Radiodiffusion Internasionaal Annexe


鄧麗君
June 24, 2008, 8:16 pm
Filed under: Taiwan

(Wishing You) Well In The New Year

Teresa Teng was from Tienyang, Taiwan.

The main island of Taiwan, also known as Formosa, is located in East Asia off the coast of mainland China, southwest of the main islands of Japan but directly west of the end of Japan’s Ryukyu Islands, and north-northwest of the Philippines.

Teresa Teng was born Deng Lijun in Tienyang, a village in Yunlin County, to a mainlander family originating from Hebei province. She was educated at Ginling Girls High School.

In 1968, she became famous after giving a performance on a popular music programme in Taiwan, and released eight albums within the next two years. In 1973, she attempted to crack the Japanese market, taking part in Japan’s Kōhaku Uta Gassen, a year-round singing match of the most successful artists of that year, and won the prize for “Best New Singing Star”.

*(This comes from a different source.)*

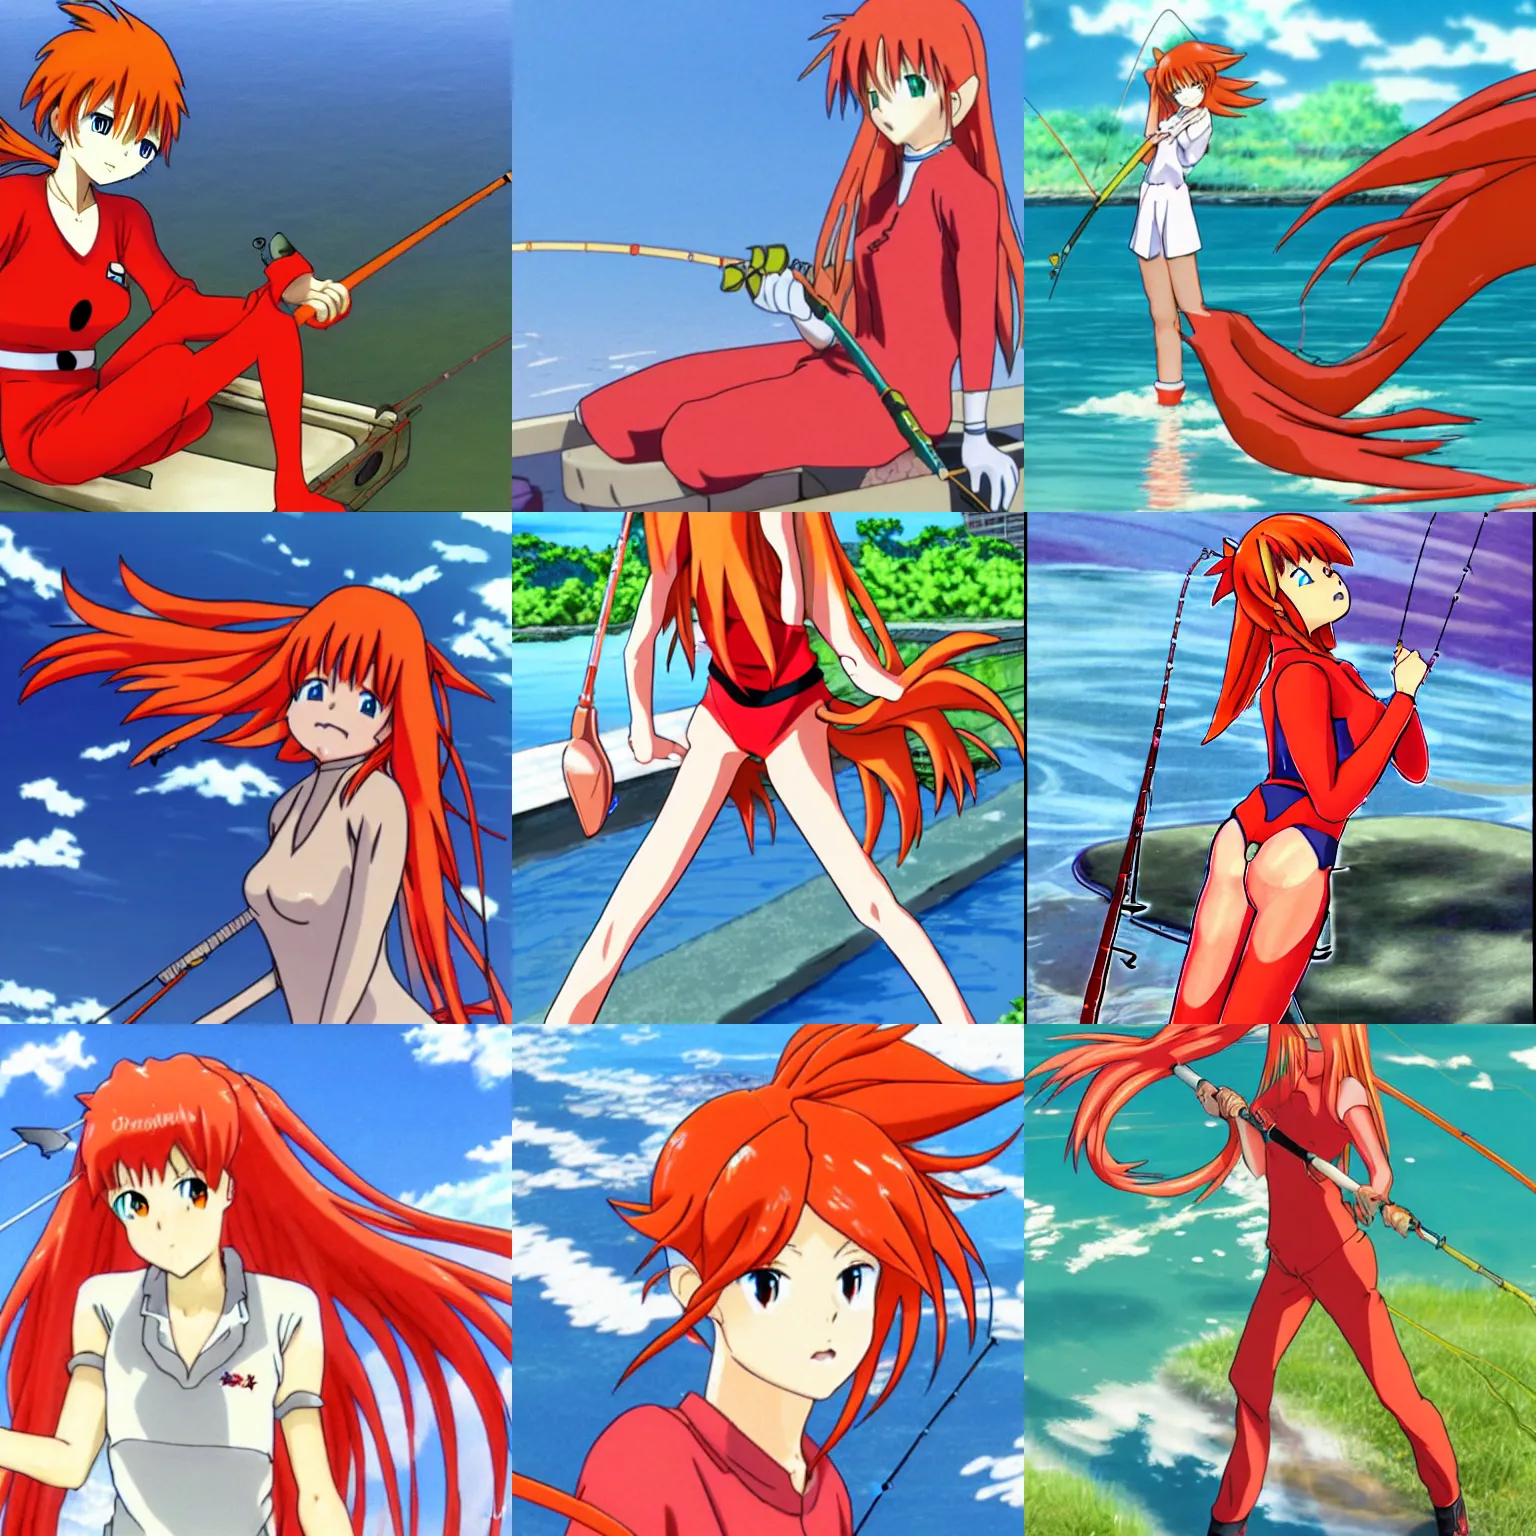 Prompt: asuka langley fishing, anime style

In 1974, with the song “Airport” (空港), she conquered Japan, where she remained a leading star despite a short exile in 1979 when she was deported for having entered on a fake Indonesian passport, bought for $20,000, a deception rendered necessary by a break in relations between Taiwan and Japan on China’s entry to the UN Security Council. Singing by now in Cantonese, Japanese and English as well as her native Mandarin, Teng was soon popular as far as Malaysia and Indonesia.

She was well known and her music was also hugely popular in mainland China despite the fact that the authorities had branded most Western music, including her music, as “decadent”. However, she was never to perform there. She performed in Paris during the 1989 Tiananmen student uprising, singing for the students and proclaiming her support for them and for democracy..

Teng died from a severe asthma attack while on holiday in Chiang Mai, Thailand at the age of 42 (43 by Chinese reckoning) on May 8, 1995. She is buried in a mountainside tomb at Chin Pao San (金寶山; translates to Golden Treasure Mountain), a cemetery near Jinshan, Taipei County in Taiwan. A memorial was built at the tomb with a statue of Teng and her stage clothes on display, with her music playing in the background. There is also a large electronic piano keyboard that visitors can play by stepping on the keys.

Thanks to Ho Chui-wa for tanslating the titles.

Catalog number LFEP 3102 on Life Records of Singapore. No release date listed.